A penetração cada vez mais forte dos comunistas nos sindicatos levou a uma
agudização das relações entre eles e os anarquistas, principalmente depois da criação da CGT
(Confederação Geral do Trabalho), que embora tivesse grande penetração no Rio de Janeiro,
não contava com a recepção dos paulistas, fato evidenciado pelo posicionamento da União
dos Trabalhadores da Light, uma das mais expressivas organizações de São Paulo, “que
publicou um comunicado que afirmava não reconhecer a CGT, e afirmando sua afinidade com
a Federação Operária de São Paulo (anarco-sindicalista)” (Silva: 1999).

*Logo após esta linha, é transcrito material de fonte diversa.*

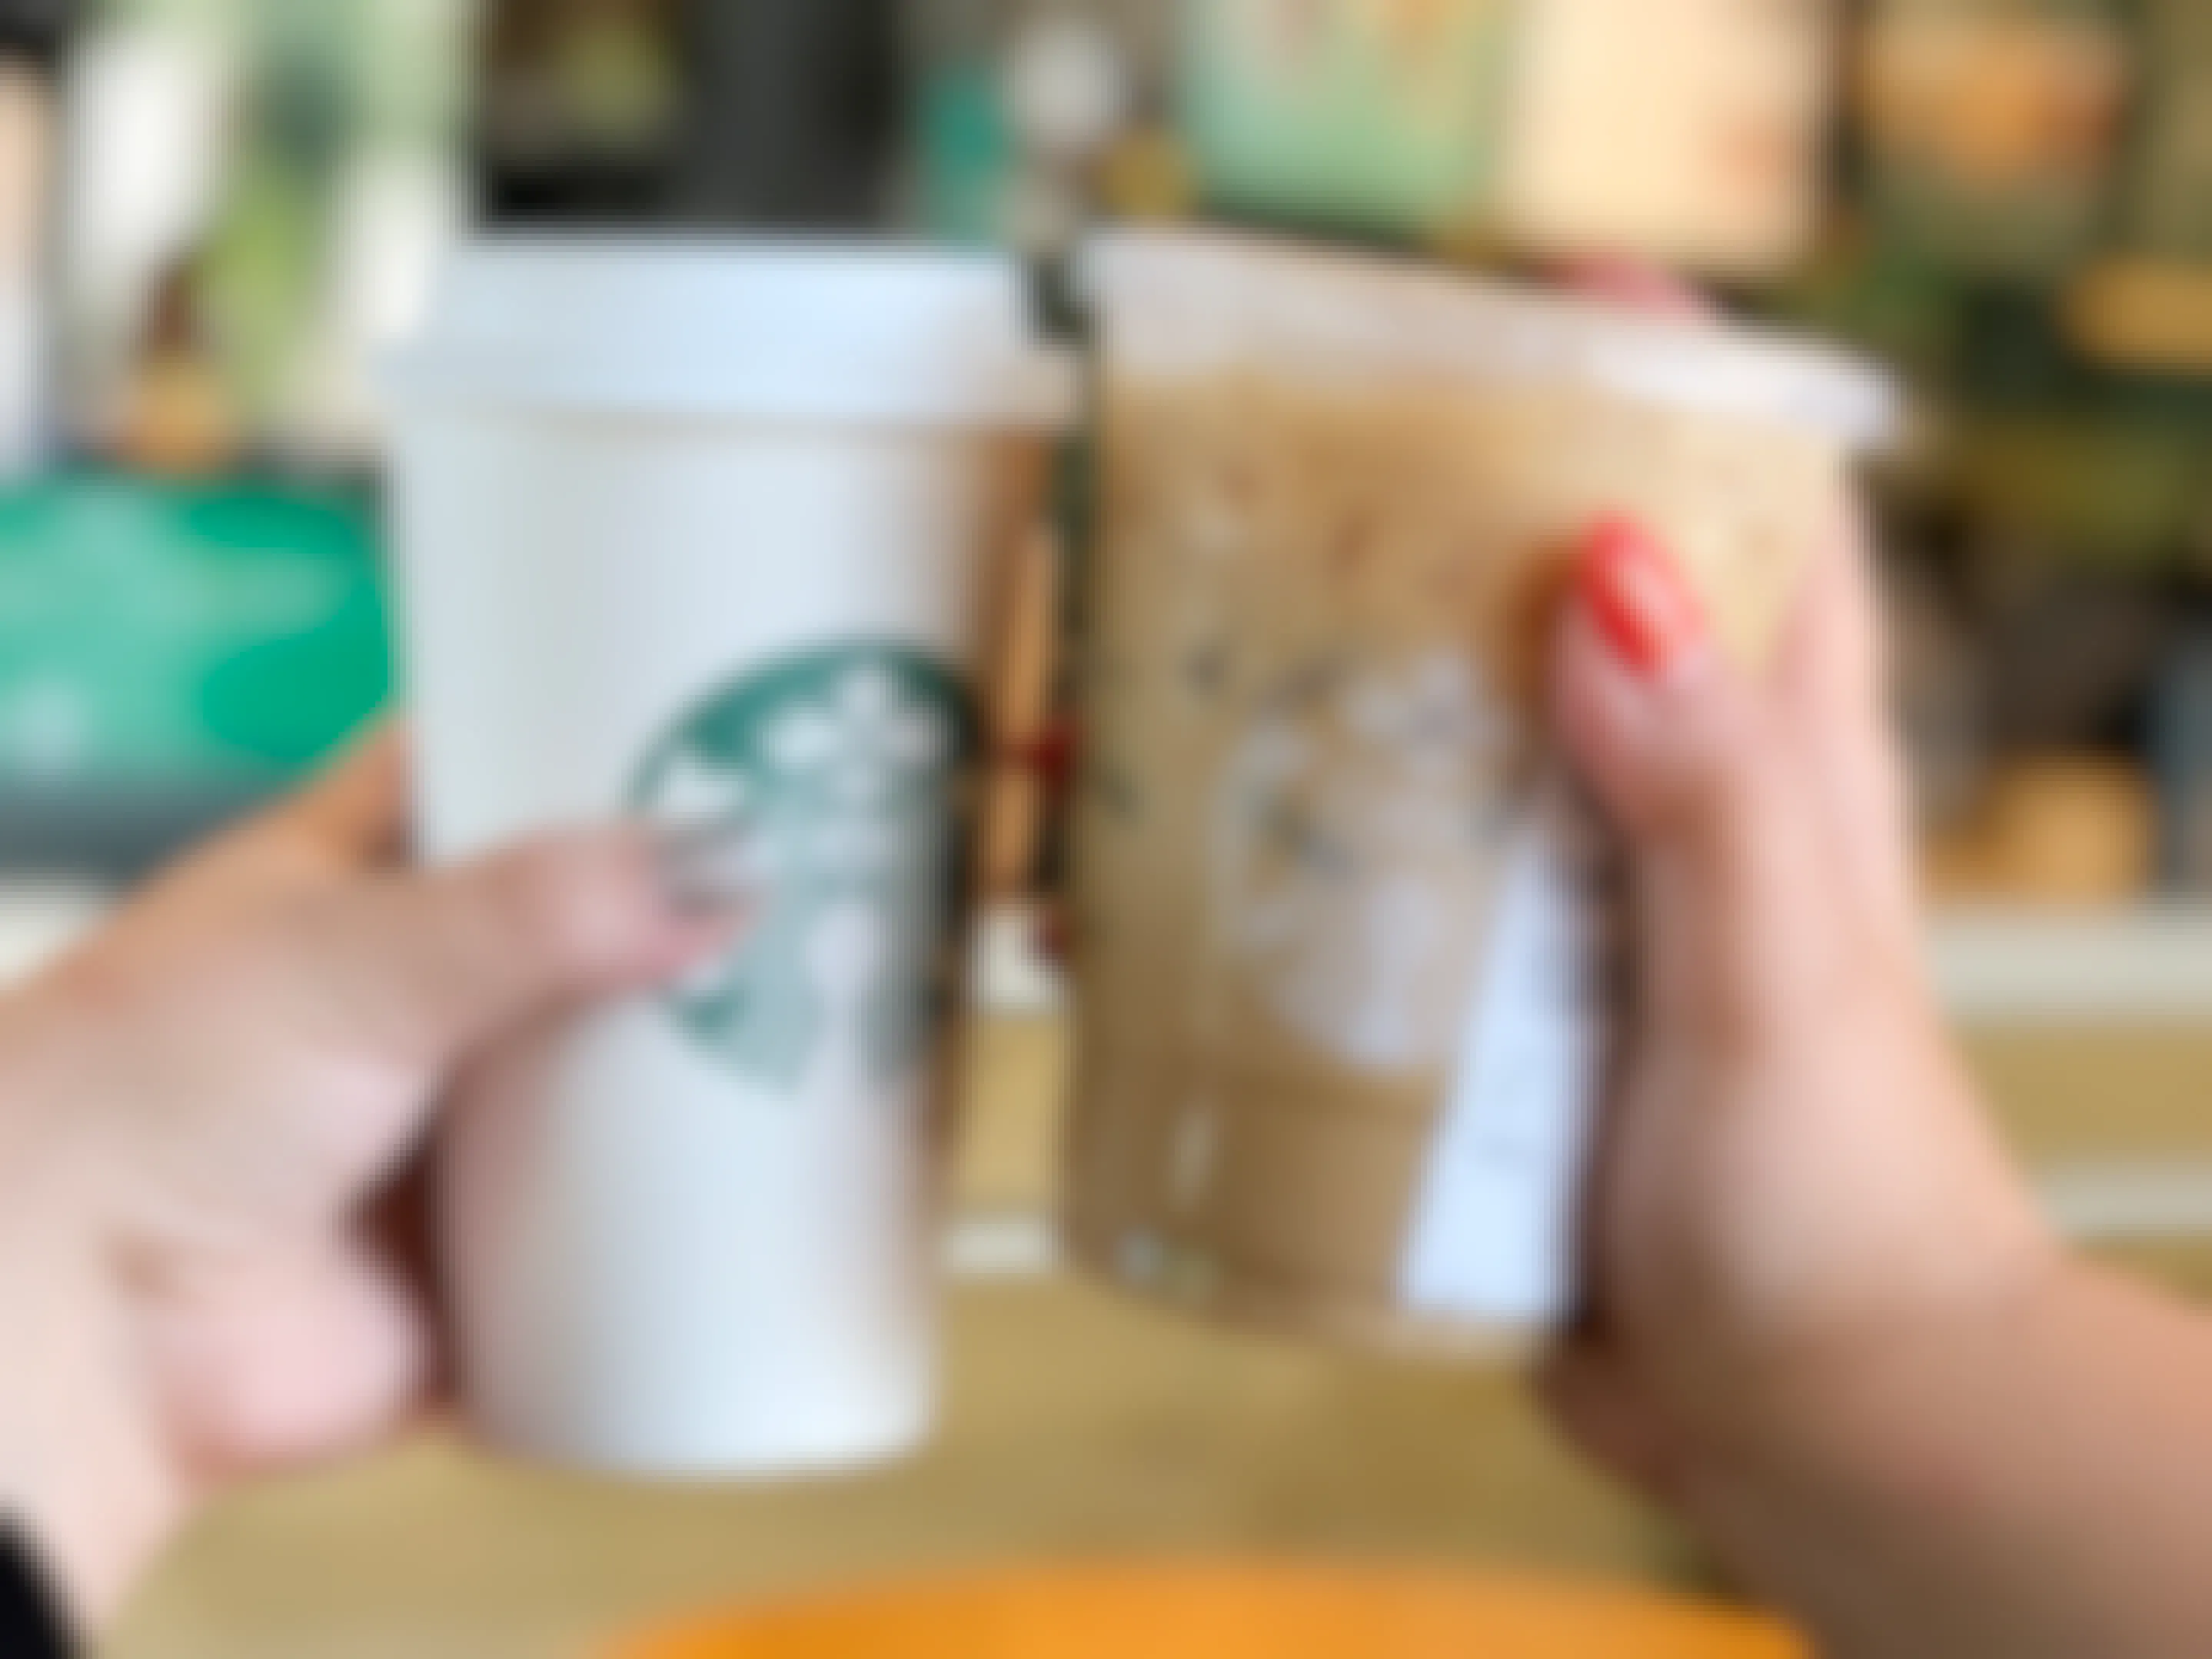 Two people's hands holding two Starbucks drinks up together.

A década de vinte foi também marcada por uma situação conflituosa no campo
político, demonstrando grande agitação nesse meio, cujos acontecimentos traçarão novos
rumos para o movimento operário na década seguinte.
Além de ter que lidar com as constantes manifestações da classe trabalhadora,
o revezamento no Poder Central das oligarquias paulista e mineira passava a ser contestado
pelas oligarquias de outros estados, numa situação que já vinha se configurando desde a
31
década de dez, quando do apoio dado pelos mineiros à candidatura do Mal. Hermes da
Fonseca, representante dos interesses do Rio Grande do Sul, feita à revelia dos paulistas.
Essas divergências ficaram mais evidentes na campanha presidencial de 1921,
conhecida na historiografia como a Reação Republicana, quando as oligarquias gaúcha,
baiana, pernambucana e fluminense apoiaram a candidatura de Nilo Peçanha para disputar o
pleito com Arthur Bernardes, representante da política do café - com- leite, tendo a
“oposição” percorrido alguns estados brasileiros, denunciando o domínio de Minas e São
Paulo na Presidência da República e reivindicando uma maior proteção aos produtores
agrícolas de outras regiões.
Paralelamente, tem início um movimento de contestação ao Estado Oligárquico
dentro dos quartéis. Tendo à frente a baixa oficialidade do exército, uma série de levantes
armados foram realizados, buscando tomar o poder para efetuar uma moralização na política
brasileira, vista como tendo sido corrompida pelos governantes civis.
O mais expressivo desses movimentos foi a marcha empreendida pelos homens
liderados pelo capitão Luís Carlos Prestes, que se deslocou ao longo do território nacional
entre o Sul e o Nordeste, durante os anos de 1924 e 1926. Tentando arregimentar
simpatizantes à sua causa, não conseguiu atrair muitos correligionários para a coluna que
levou o seu nome, além de ter sido violentamente combatidos pelas tropas governistas por
onde passou.
Os militares rebeldes, dentro de uma visão centralizada e corporativa,
arrogavam a si o papel de salvadores da República. O seu desprezo pelos demais setores
sociais, inclusive o operário, levou-os a amargar um infrutífero isolacionismo, o que
contribuiu para que o movimento fosse facilmente reprimido.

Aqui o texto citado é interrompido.